观测云小妙招 - ddtrace 高级用法 - 《观测云最佳实践》

前置条件
开启 ddtrace 采集
准备 Shell
开启 Query 参数
配置远程采集链接
类或方法注入 Trace
忽略 Trace（实测无效）
两种添加 Tag 方式
- dd.trace.span.tags
- dd.tags
显示数据库实例名称
采样
过滤 Resource
入侵式埋点
Log
- logback-spring.xml
- datakit 采集日志
  - 开启日志采集器
  - 配置 pipeline

前置条件

当前 datakit 版本 1.4.0

当前案例使用 ddtrace 版本0.78.3和 0.97.0（最新版本）进行测试

开启 ddtrace 采集

# {"version": "1.4.1", "desc": "do NOT edit this line"}
[[inputs.ddtrace]]
  ## DDTrace Agent endpoints register by version respectively.
  ## Endpoints can be skipped listen by remove them from the list.
  ## Default value set as below. DO NOT MODIFY THESE ENDPOINTS if not necessary.
  endpoints = ["/v0.3/traces", "/v0.4/traces", "/v0.5/traces"]
  ## customer_tags is a list of keys contains keys set by client code like span.SetTag(key, value)
  ## that want to send to data center. Those keys set by client code will take precedence over
  ## keys in [inputs.ddtrace.tags]. DOT(.) IN KEY WILL BE REPLACED BY DASH(_) WHEN SENDING.
  # customer_tags = ["key1", "key2", ...]
  ## Keep rare tracing resources list switch.
  ## If some resources are rare enough(not presend in 1 hour), those resource will always send
  ## to data center and do not consider samplers and filters.
  # keep_rare_resource = false
  ## By default every error presents in span will be send to data center and omit any filters or
  ## sampler.
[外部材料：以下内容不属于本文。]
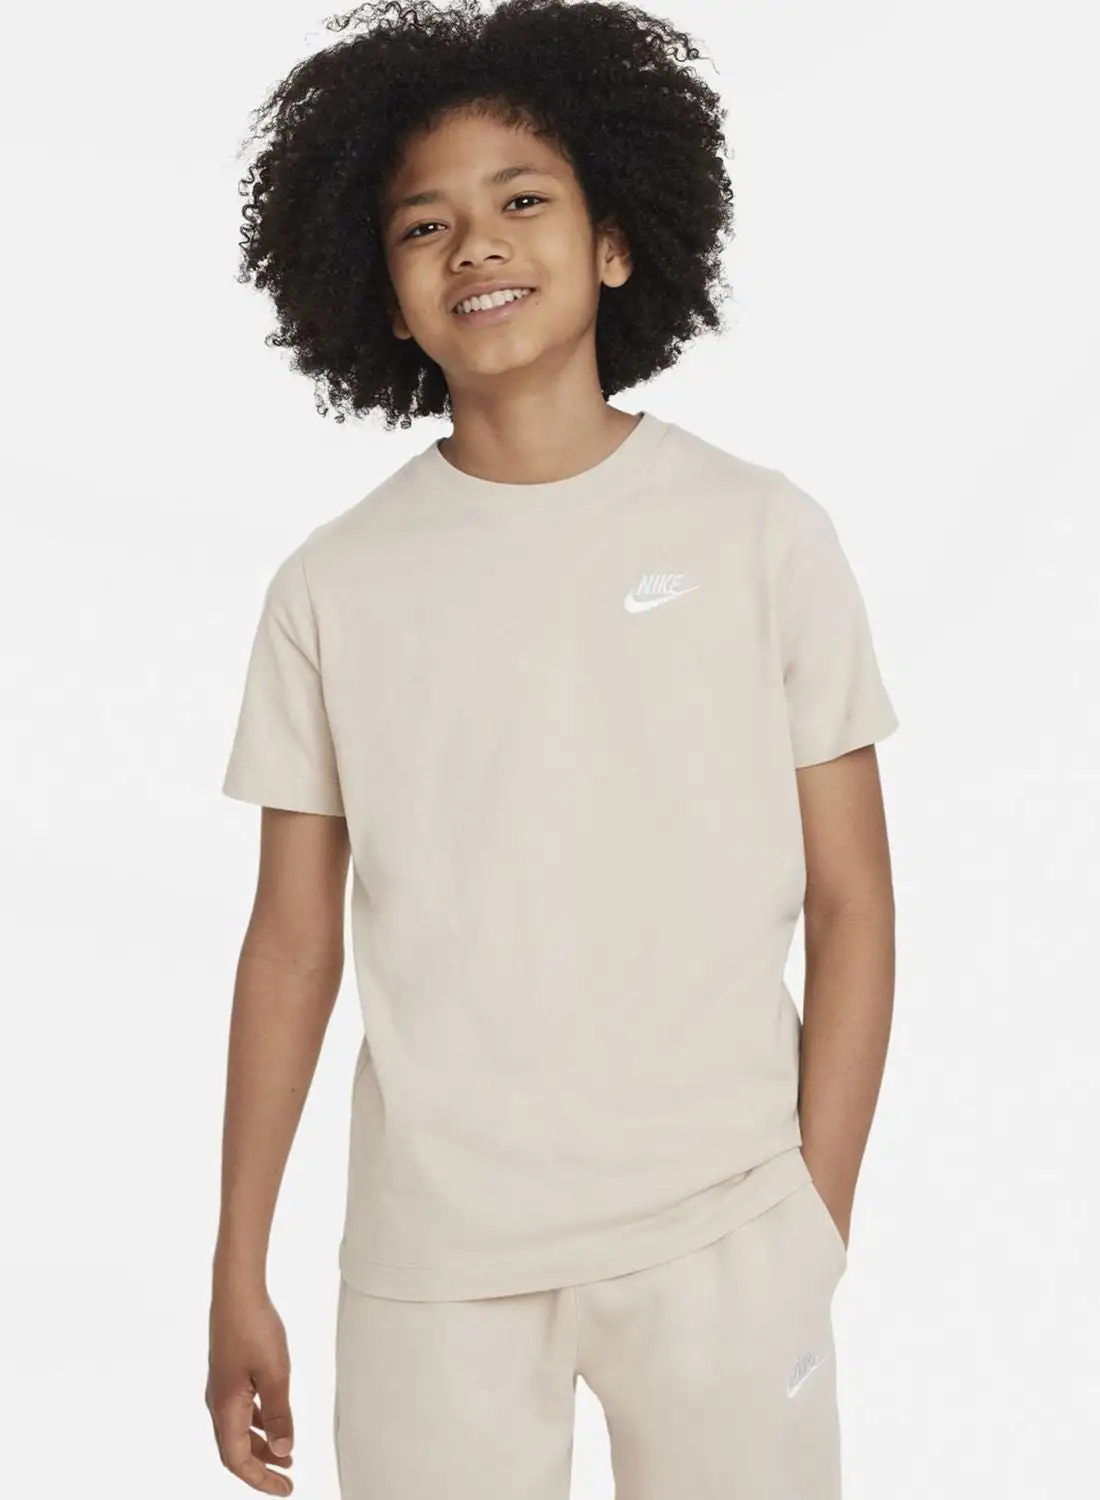 Nike Kids Futura T-Shirt

If you want to get rid of some error status, you can set the error status list here.
  # omit_err_status = ["404"]
  ## Ignore tracing resources map like service:[resources...].
  ## The service name is the full service name in current application.
  ## The resource list is regular expressions uses to block resource names.
  ## If you want to block some resources universally under all services, you can set the
  ## service name as "*". Note: double quotes "" cannot be omitted.
  # [inputs.ddtrace.close_resource]
    # service1 = ["resource1", "resource2", ...]
    # service2 = ["resource1", "resource2", ...]
    # "*" = ["close_resource_under_all_services"]
    # ...
  ## Sampler config uses to set global sampling strategy.
  ## priority uses to set tracing data propagation level, the valid values are -1, 0, 1
  ##  -1: always reject any tracing data send to datakit
  ##   0: accept tracing data and calculate with sampling_rate
  ##   1: always send to data center and do not consider sampling_rate
  ## sampling_rate used to set global sampling rate
  #[inputs.ddtrace.sampler]
    # priority = -1
    # sampling_rate = 0
  ## Piplines use to manipulate message and meta data. If this item configured right then
  ## the current input procedure will run the scripts wrote in pipline config file against the data
  ## present in span message.
  ## The string on the left side of the equal sign must be identical to the service name that
  ## you try to handle.
  # [inputs.ddtrace.pipelines]
    # service1 = "service1.p"
    # service2 = "service2.p"
    # ...
  # [inputs.ddtrace.tags]
    # key1 = "value1"
    # key2 = "value2"
    # ...

准备 Shell

java -javaagent:D:/ddtrace/dd-java-agent-0.97.0.jar \
-Ddd.service=ddtrace-server \
-Ddd.agent.port=9529 \
-jar springboot-ddtrace-server.jar

开启 Query 参数

开启 query 参数，可以更直观方便的让用户看到当前请求携带了哪些参数，更直观的还原客户真实操作流程，但 query 开启参数只能采集到 url 上的参数，request Body 里面的参数目前尚不支持。默认为 false，表示为默认不开启。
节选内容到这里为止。